#### ASSIGNMENT
Send back the data below exactly. Drop every picture.

#### DATA SEGMENT
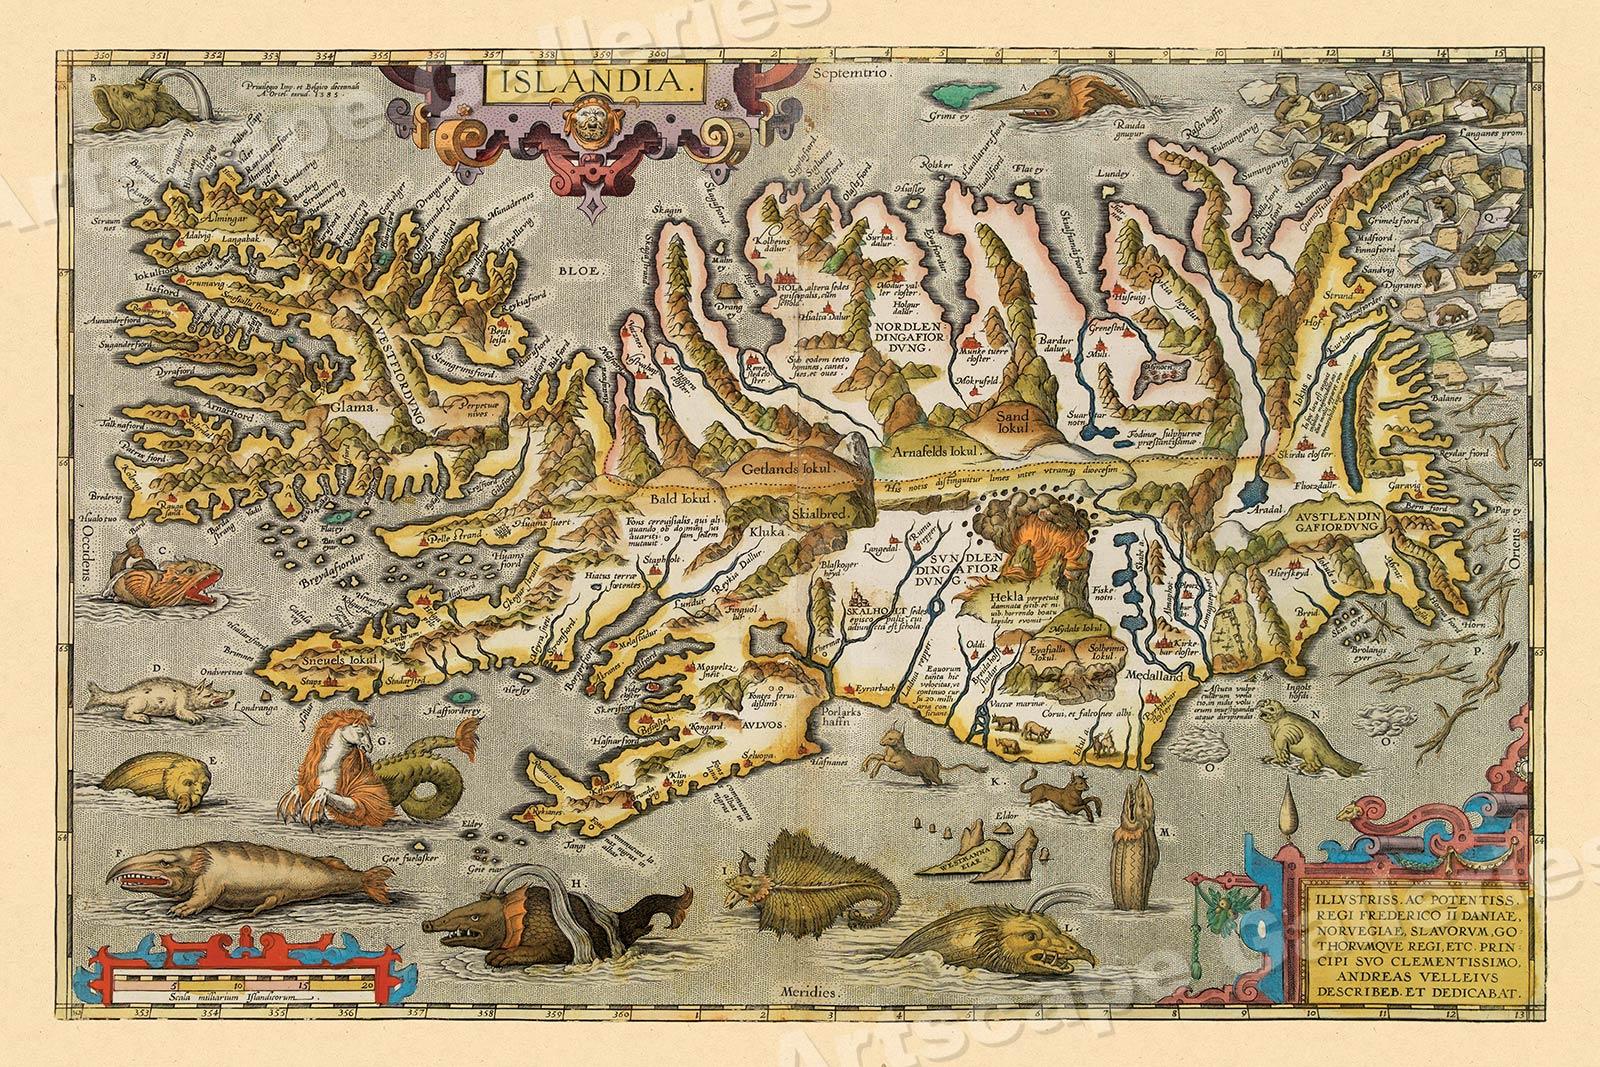 1590 John White's Virginia Historic Vintage Style Unique Wall Map 24x32
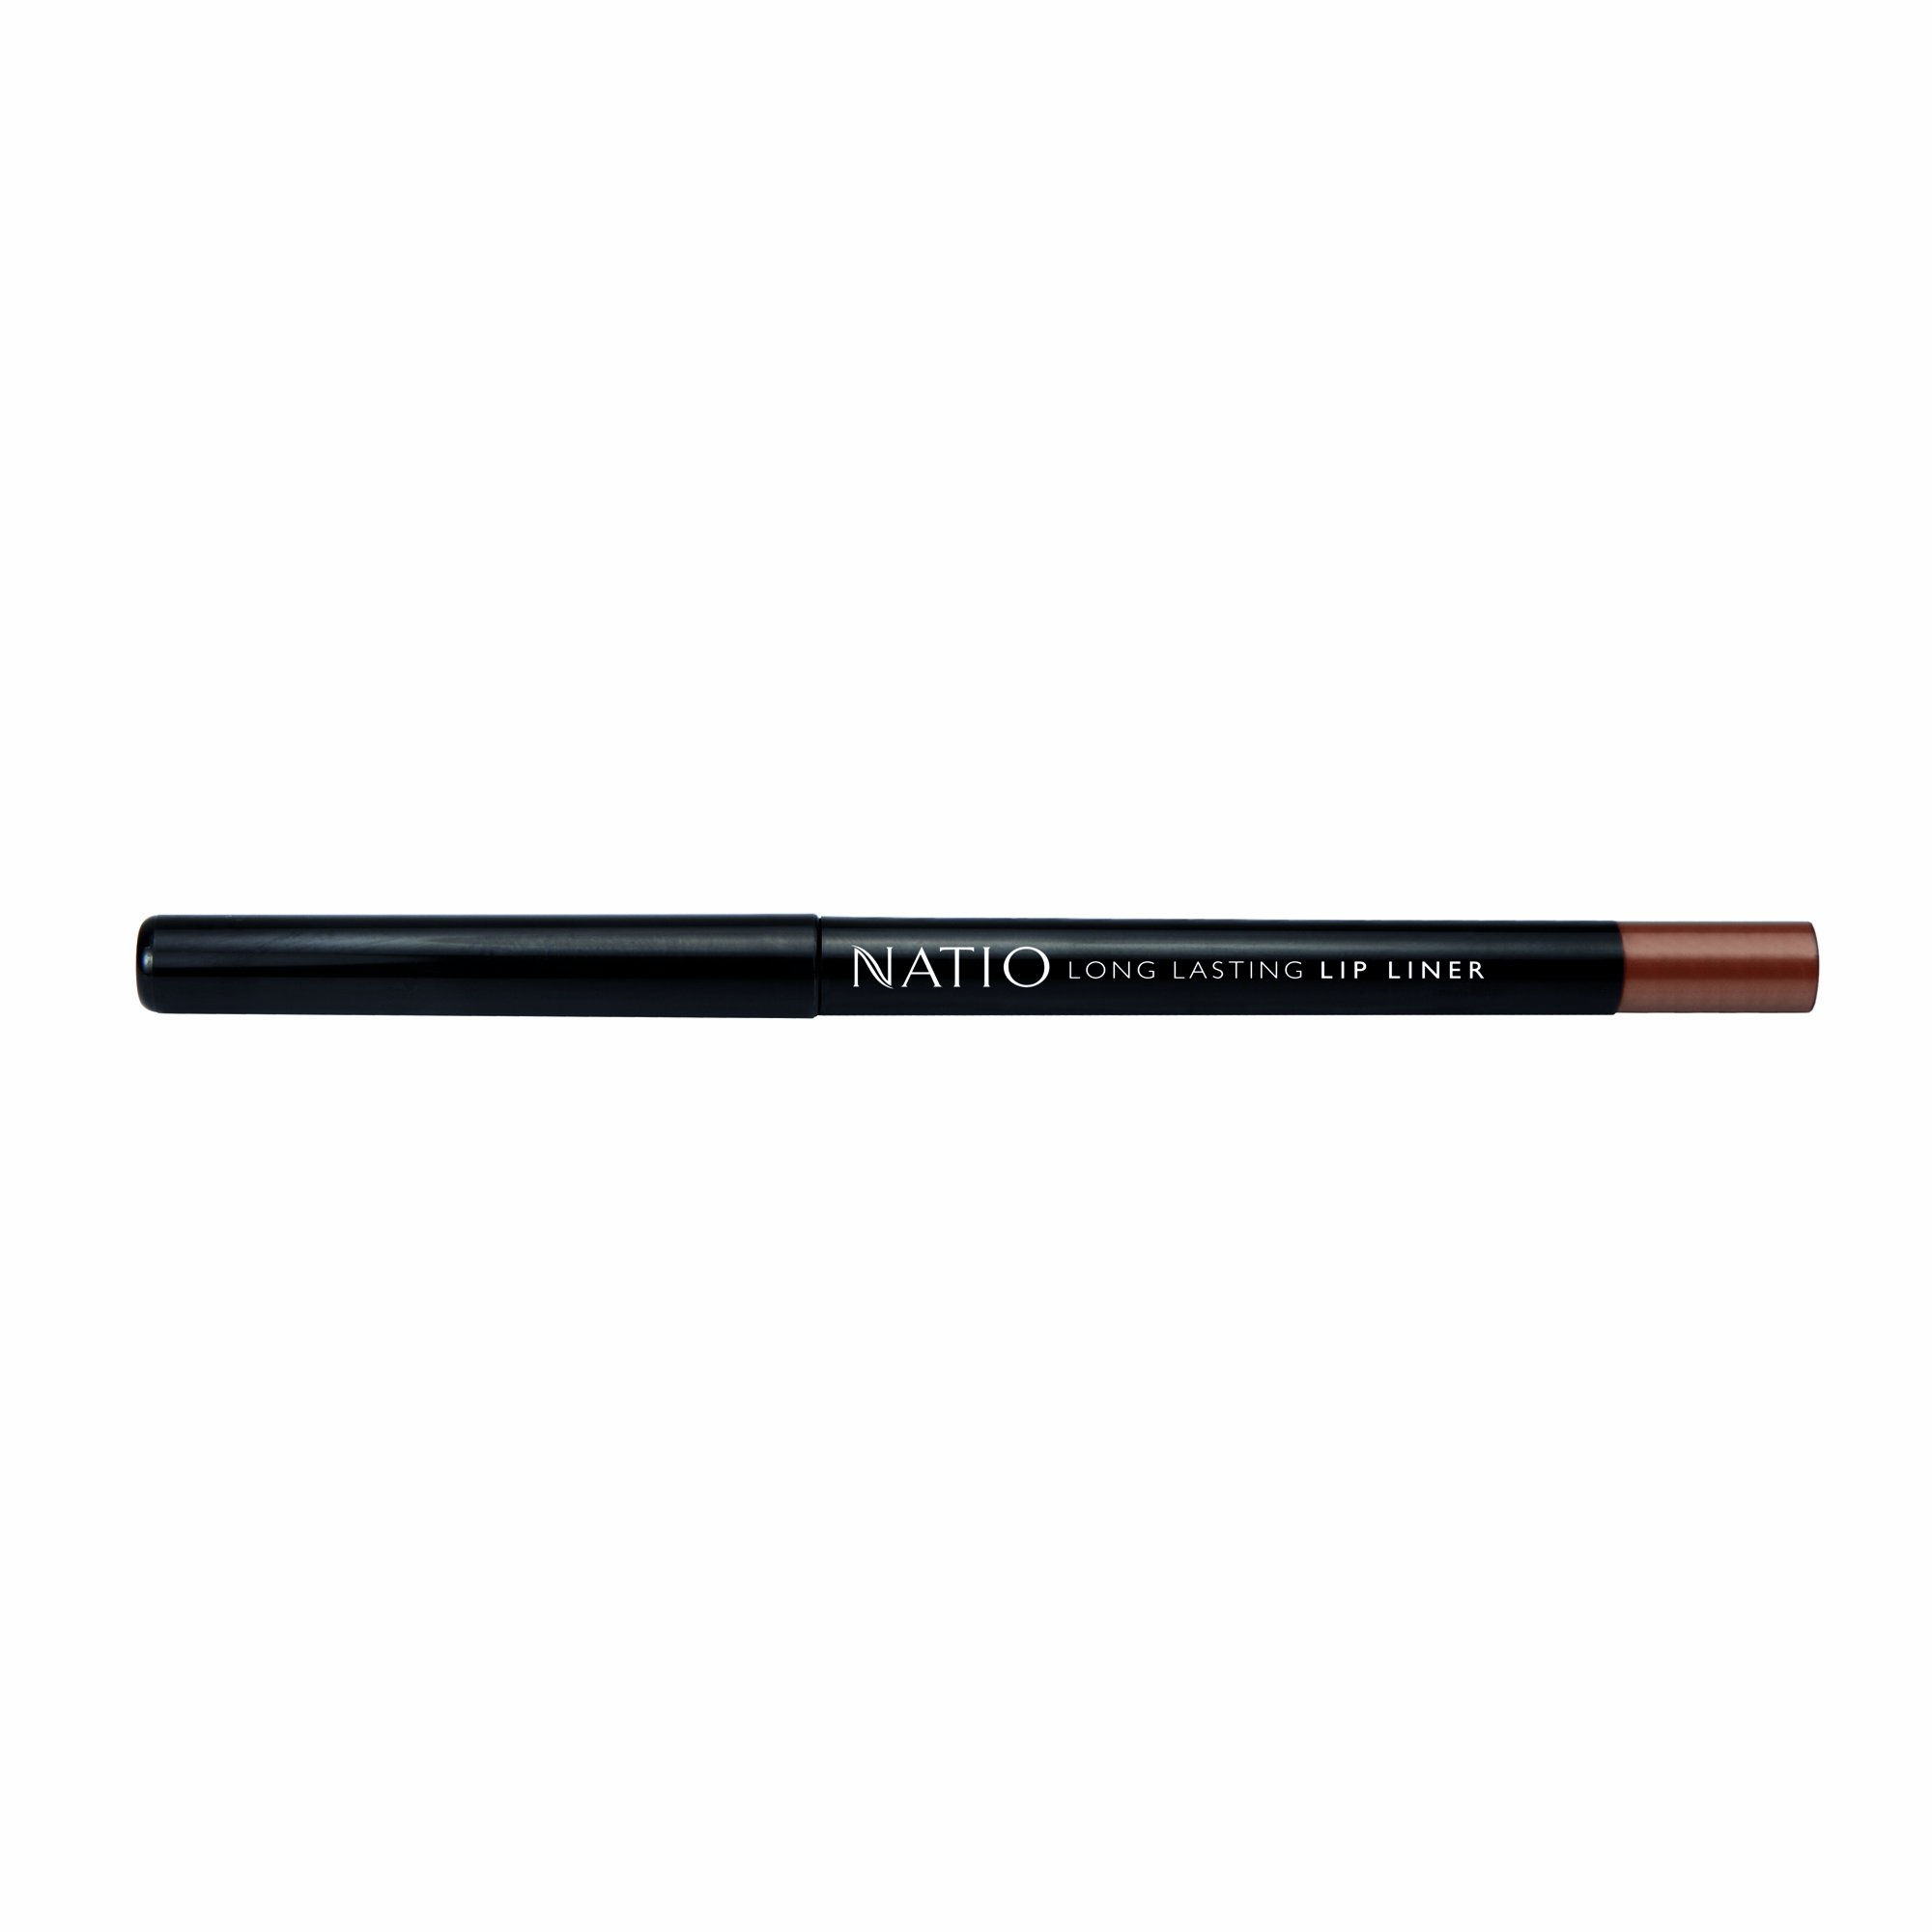 Natio Mechanical Long Lasting Lip Liner -Nude
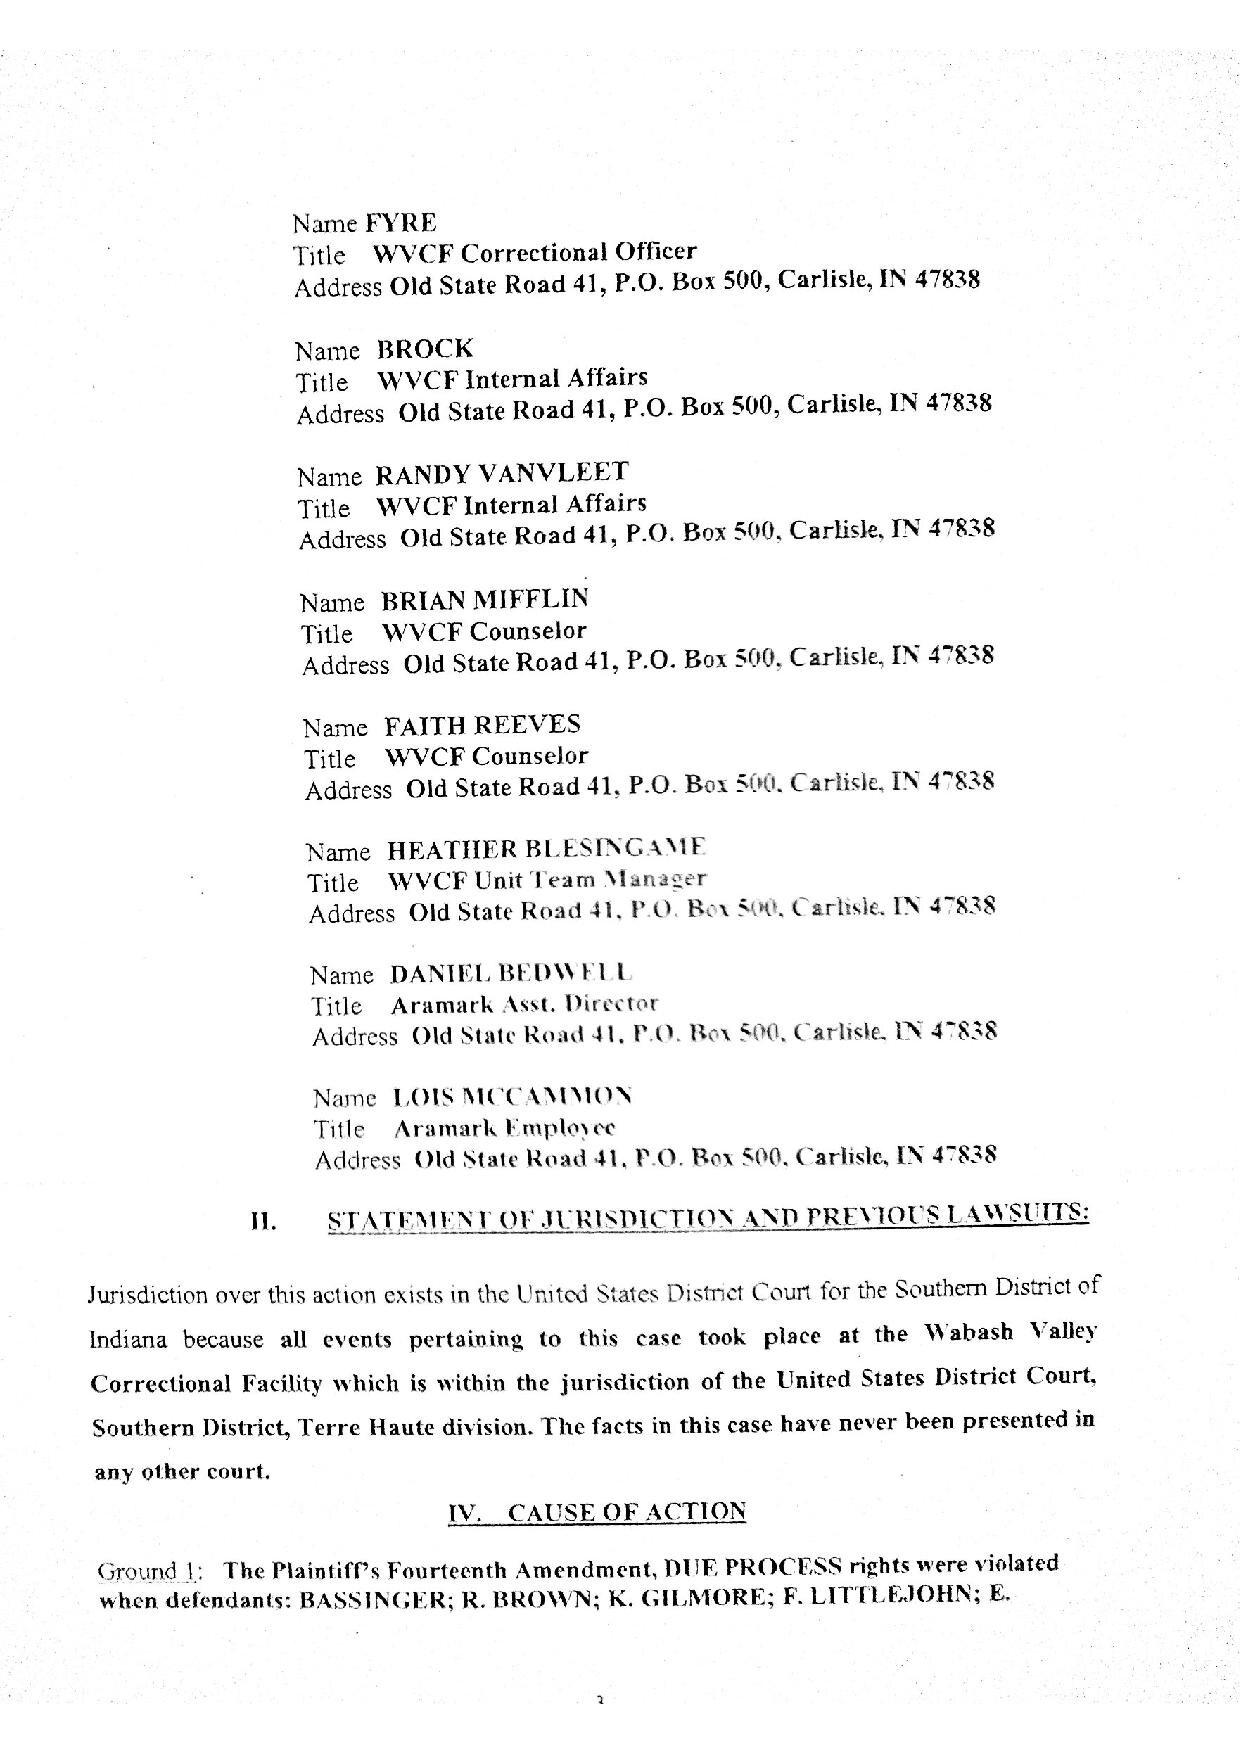 Khalfani lawsuit-page-003.jpg

#### SOLUTION TO THE EXERCISE
 1590 John White's Virginia Historic Vintage Style Unique Wall Map 24x32
 Natio Mechanical Long Lasting Lip Liner -Nude
 Khalfani lawsuit-page-003.jpg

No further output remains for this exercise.